I- Physiopathologie :
Sa physiopathologie fait appel à une association d’anomalies siégeant à la fois sur
l’insulinosecretion et sur l’action cellulaire de l’insuline avec insulinoresistance.
1- Anomalies de l’insulinosecretion :
Elles sont liées à un défaut de la sécrétion de l’insuline qui est due à une mauvaise
reconnaissance du glucose comme signal direct et comme agent potentialisant l’insulinosecretion
par les cellules β pancréatiques.
Ceci est du probablement (plusieurs hypothèses) :
- 1 diminution de la captation du stimuli « Glucose » par les cellules β.

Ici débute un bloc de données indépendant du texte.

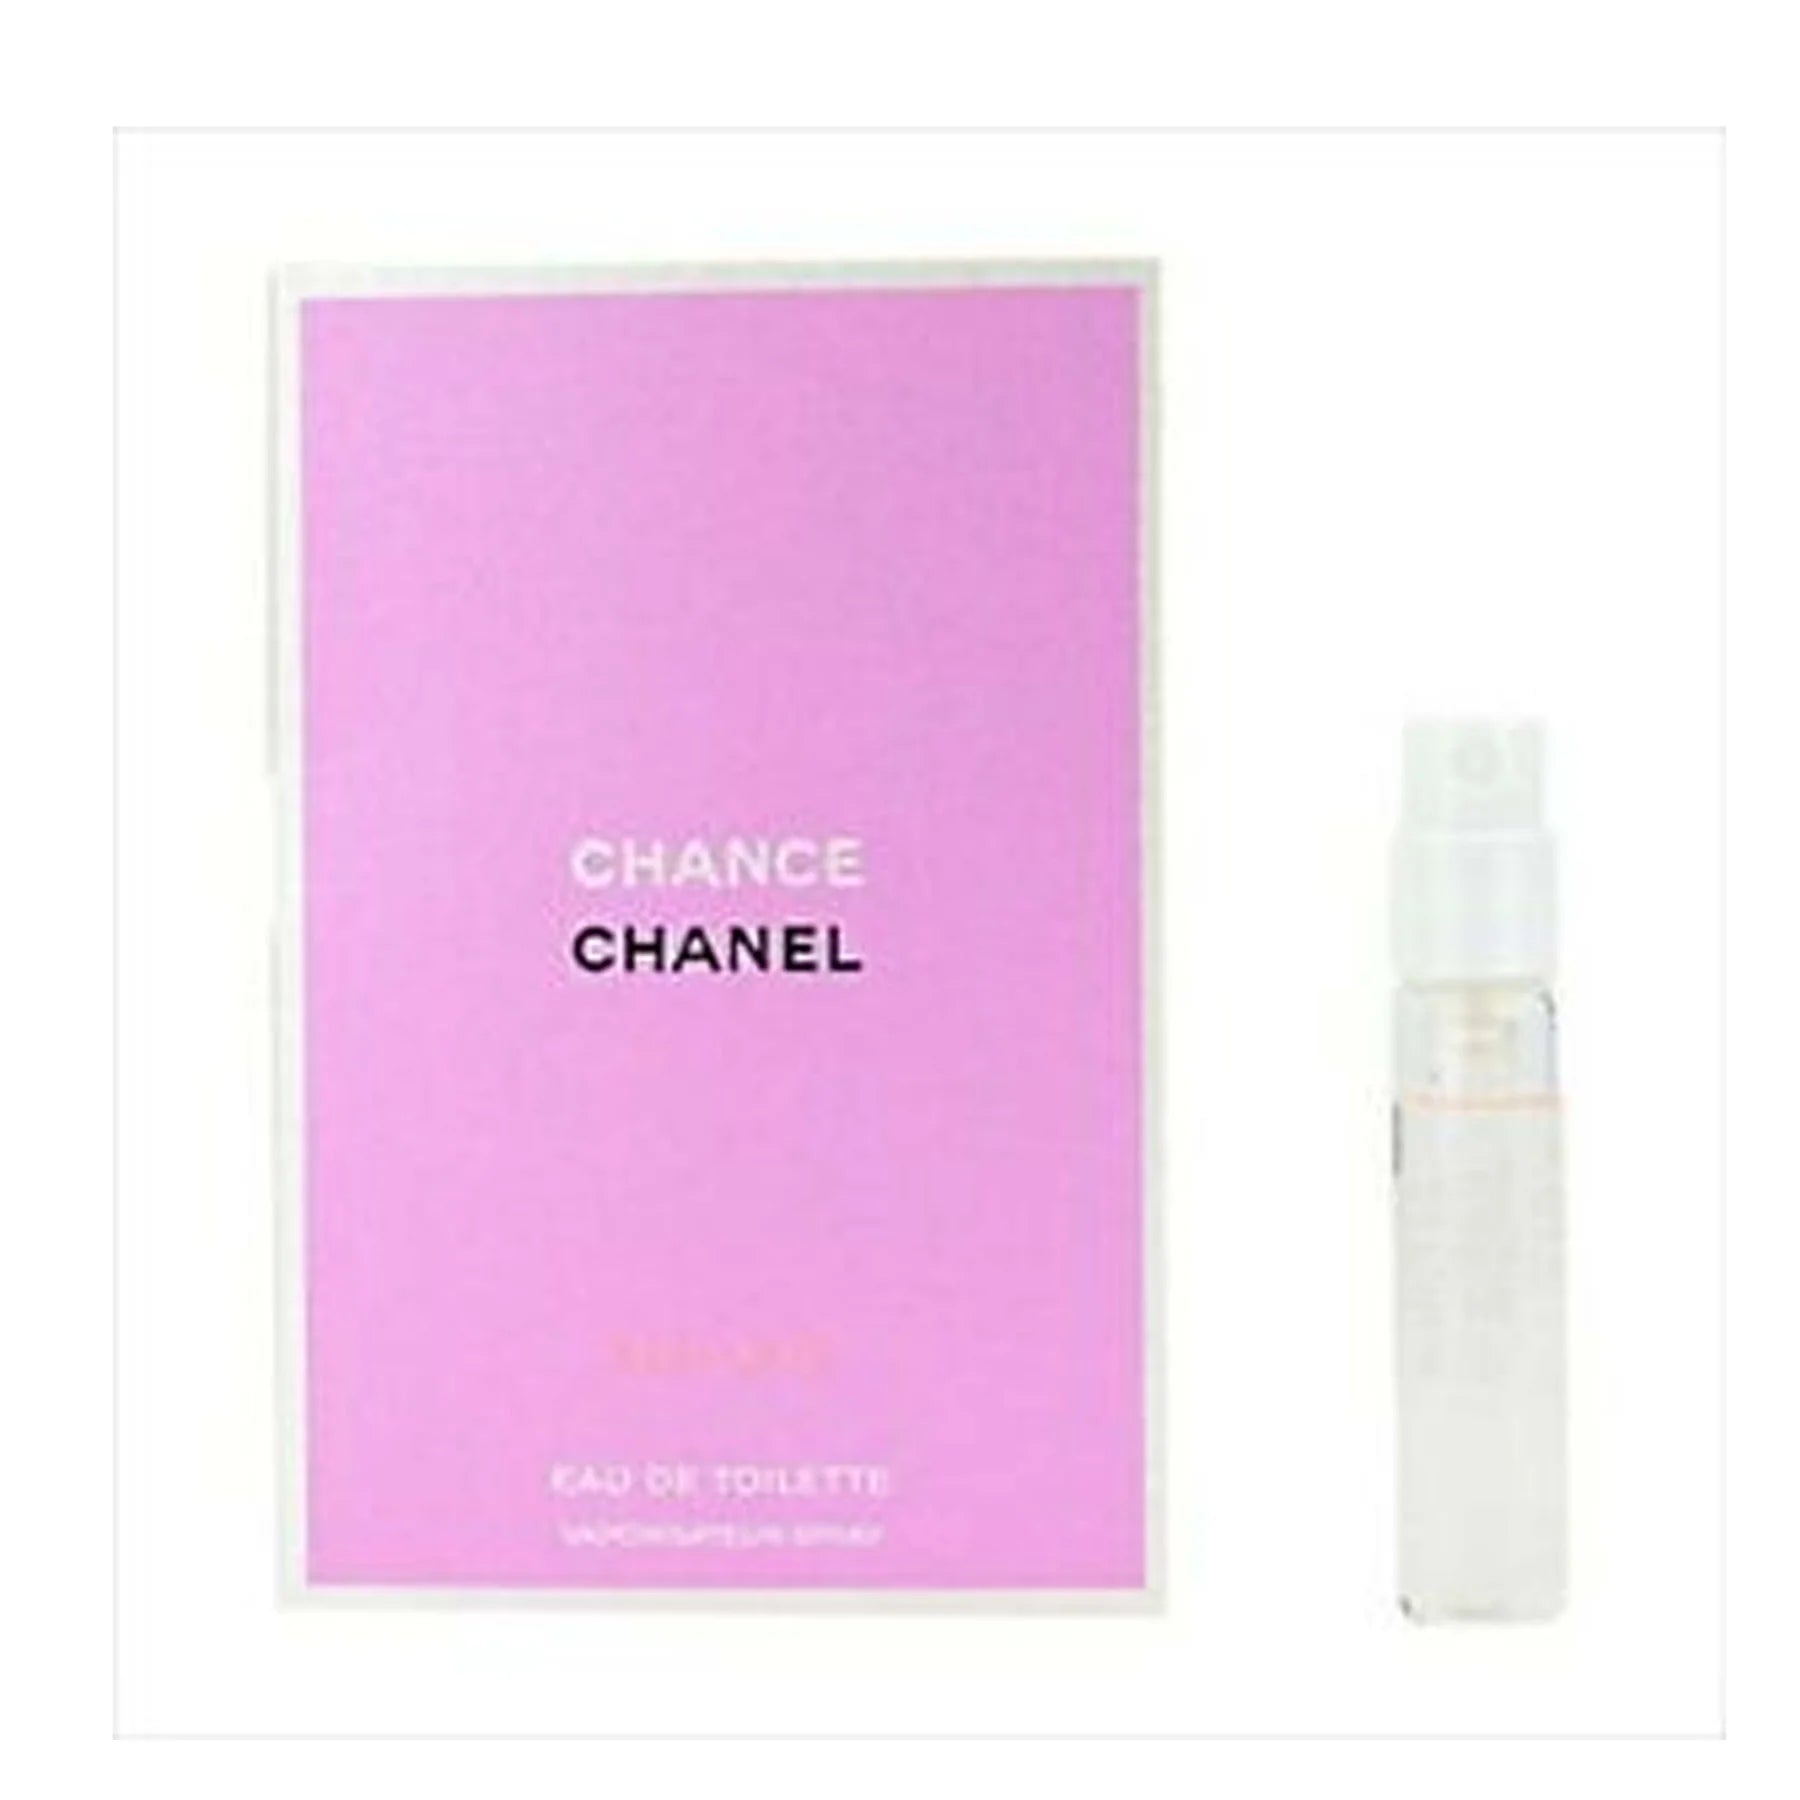 Chanel - No 5 L'Eau (L) 1,5ml туалетная вода, пробник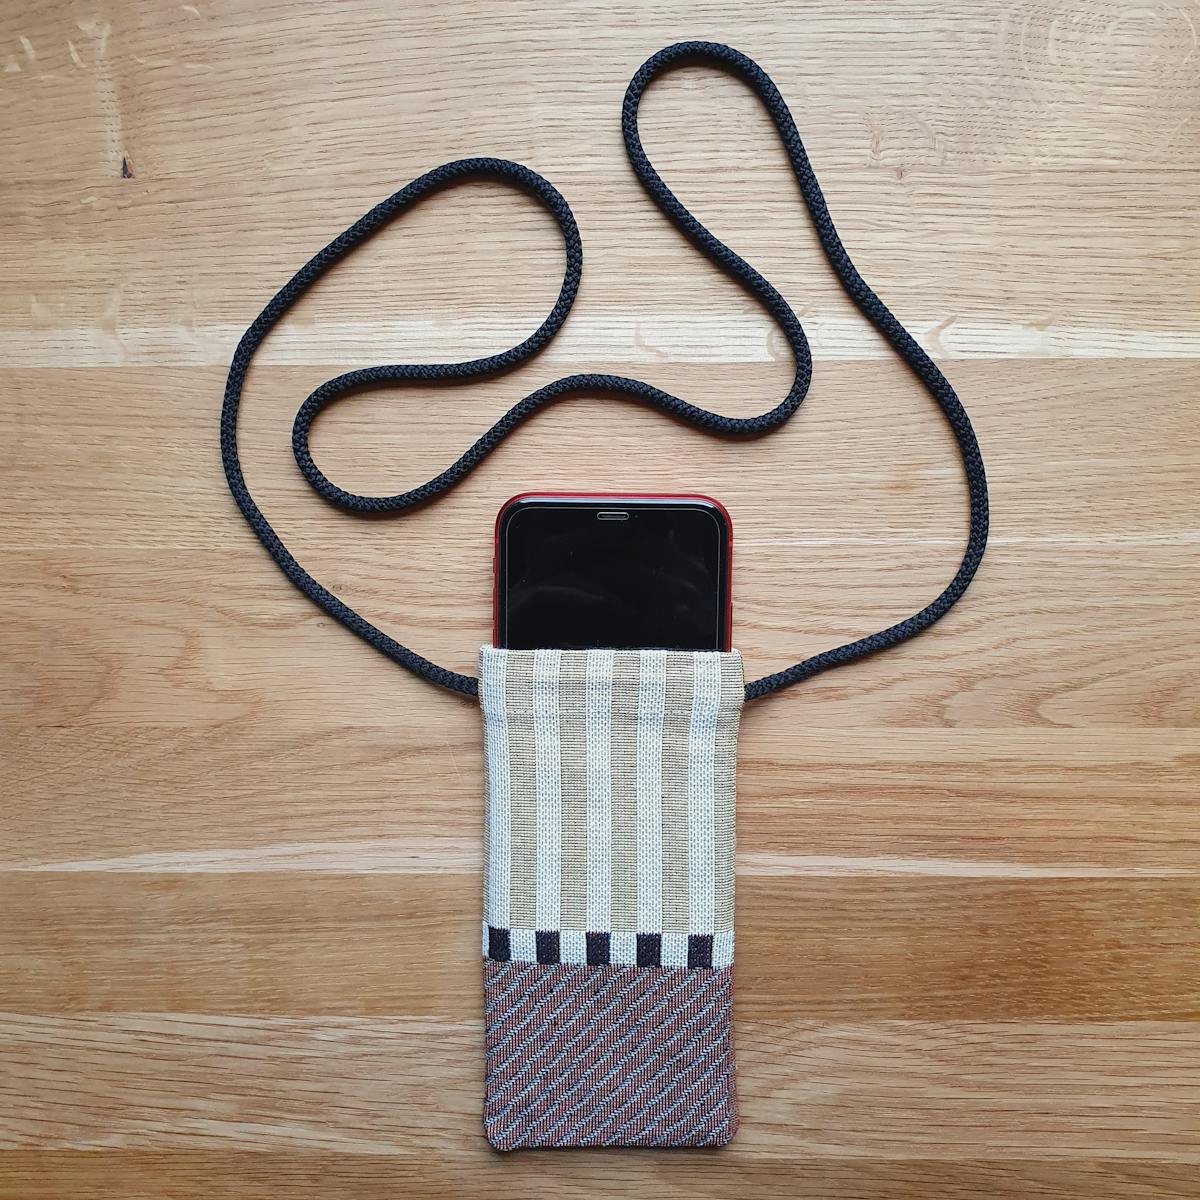  funda para iPhone hecha a mano en tela tejida a rayas con cordón para el cuello y el teléfono guardado en el interior

- 1 mutation du gène de la Glucokinase
- 1 altération du processus de sécrétion de l’insuline
- Déficit de clivage de la Pro insuline en Insuline.
-
2- Anomalies de l’action cellulaire de l’insuline et insulinoresisitance :
L’insulinoresistance siège au niveau des tissus périphériques à différents niveaux :
- Anomalies de la liaison de l’insuline à son récepteur
- Anomalies de la transduction du signal insulinique
- Anomalies des systèmes effecteurs (Activité tyrosine kinase)

II- Evolution et traitement :


L’évolution du diabète de type 2 ou DNID se fait vers le DID par épuisement du pancréas
restant.
Le traitement consiste dans un premier temps à administrer un traitement oral à base
d’antidiabétiques oraux qui sont de plusieurs classes.